EmbryoScope Time-lapse system identifies abnormal development events in embryos

Which embryos have the best opportunity to develop into a viable pregnancy? A new technology provides a surprising answer.

A major challenge in the field of IVF is selecting the single best embryo which is likely to result in a live birth. Currently, embryologists must remove the embryo from a standard incubator to perform 2 or 3 short evaluations of the developing embryo under the microscope, at fixed time-points over 3-5 days, in order to assess embryo quality prior to transferring an embryo to the patient. 

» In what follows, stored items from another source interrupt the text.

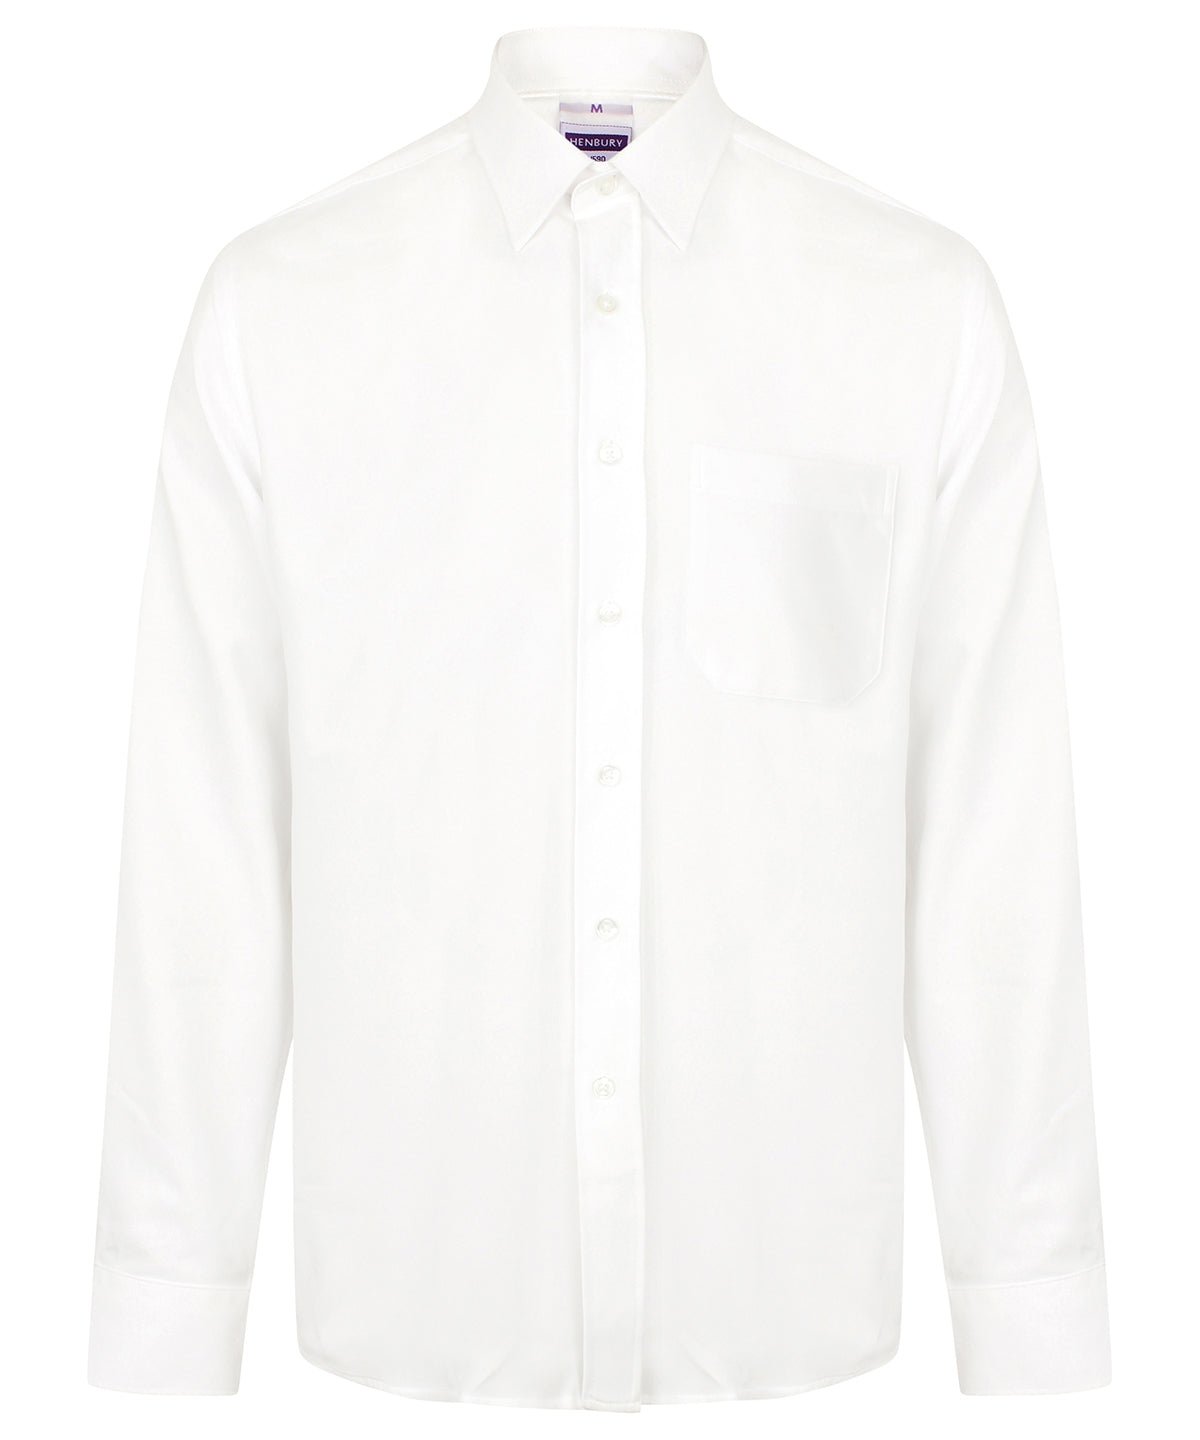 Bolir - Wicking Antibacterial Long Sleeve Shirt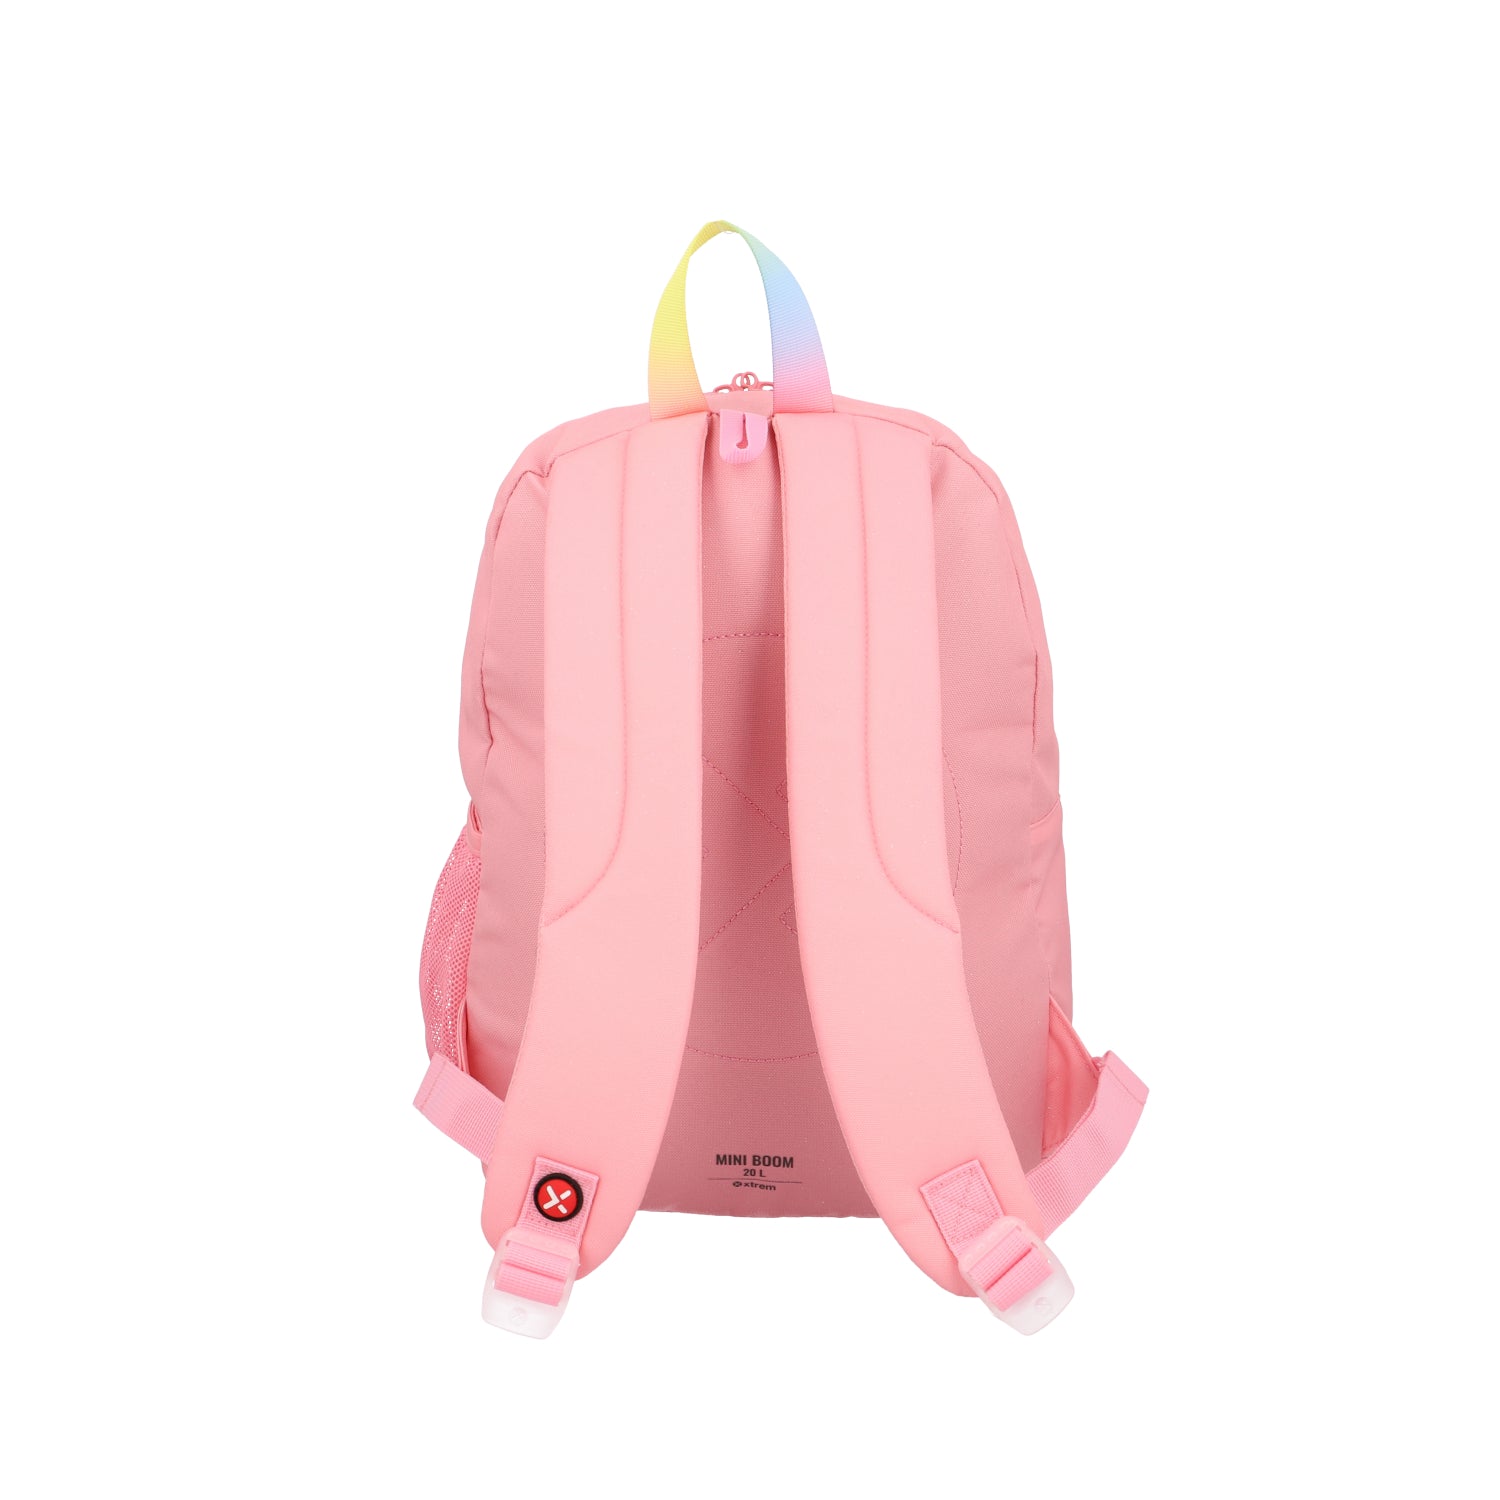 Mochila School Backpack Mini Boom 212 Pink Catic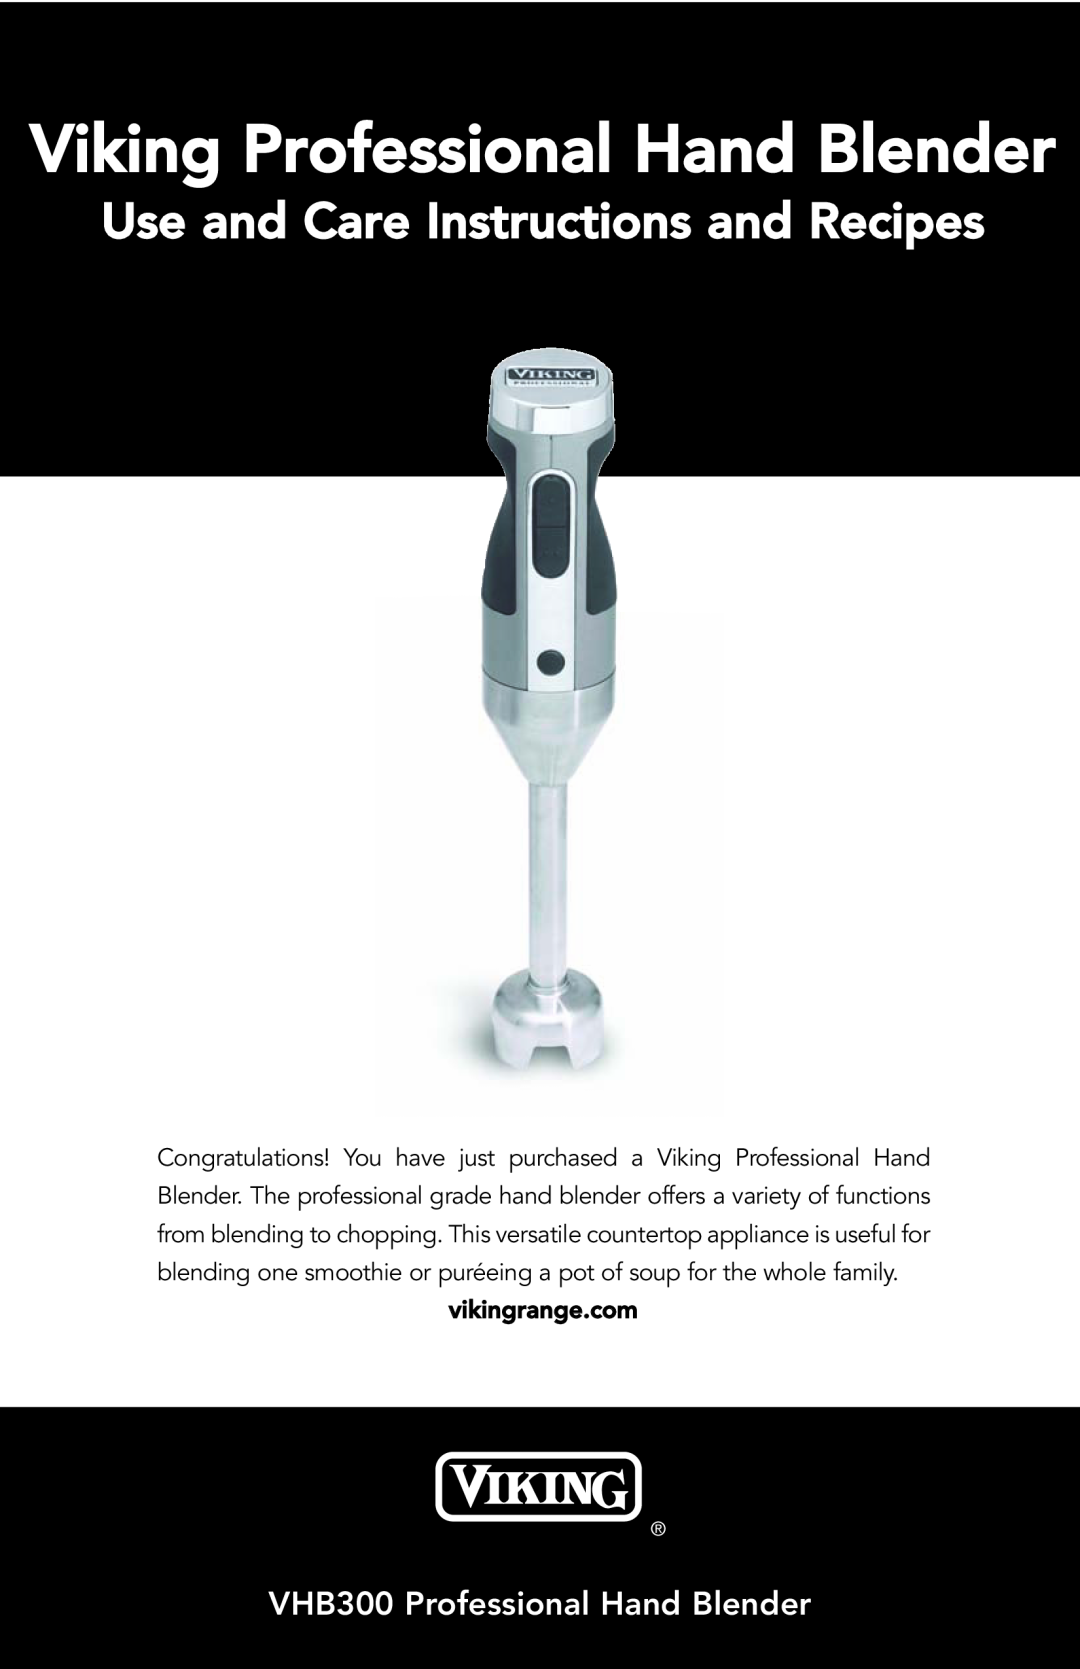 Viking VHB300 manual Viking Professional Hand Blender, Use and Care Instructions and Recipes, vikingrange.com

The EmbryoScope® Time-lapse system generates a movie allowing embryologists to monitor various characteristics of the embryo development over the entire incubation period, while maintaining optimum incubation conditions in a state-of-the-art incubator.

According to breakthrough scientific results, embryos which exhibit irregular division patterns have a much lower pregnancy potential. The results were made available online on August 27 in the journal Fertility & Sterility, and confirms the benefits of implementing the EmbryoScope® Time-lapse system from the Danish company Unisense FertiliTech A/S.

A clinical multi-center study from Equipo IVI, Spain, Maigaard clinic and Brædstrup Hospital in Denmark, including a total of 5225 embryos, reports significantly reduced implantation of embryos which have a second division cycle occurring in less than 5 hours (considered direct cleavage), compared  to the implantation probability of "normally" developing embryos. The embryos with a short second division cycle will simply not have enough time for DNA replication, which is a prerequisite for a normal cell division.

Nearly 14% of all examined embryos exhibited this division pattern and according to the study will have a greatly reduced probability of resulting in a viable pregnancy. For both patients and fertility clinics it is important to decrease transfer of embryos with low very low implantation potential. With this new technology, clinics now have objective criteria with which to identify the embryo with a higher chance of implanting allowing more successful single embryo transfer cycles.

Marcos Meseguer, co-author of the paper and senior embryologist at Equipo IVI in Valencia, states "The ability to identify abnormal development events in embryos is certainly a key advantage of using time-lapse systems such as the Embryoscope® allowing us to improve our patient treatment".

The improvement potential of implementing time-lapse systems is increasing constantly as scientists discover new information about early human embryo development and more than 180 IVF clinics are using the Embryoscope® technology worldwide.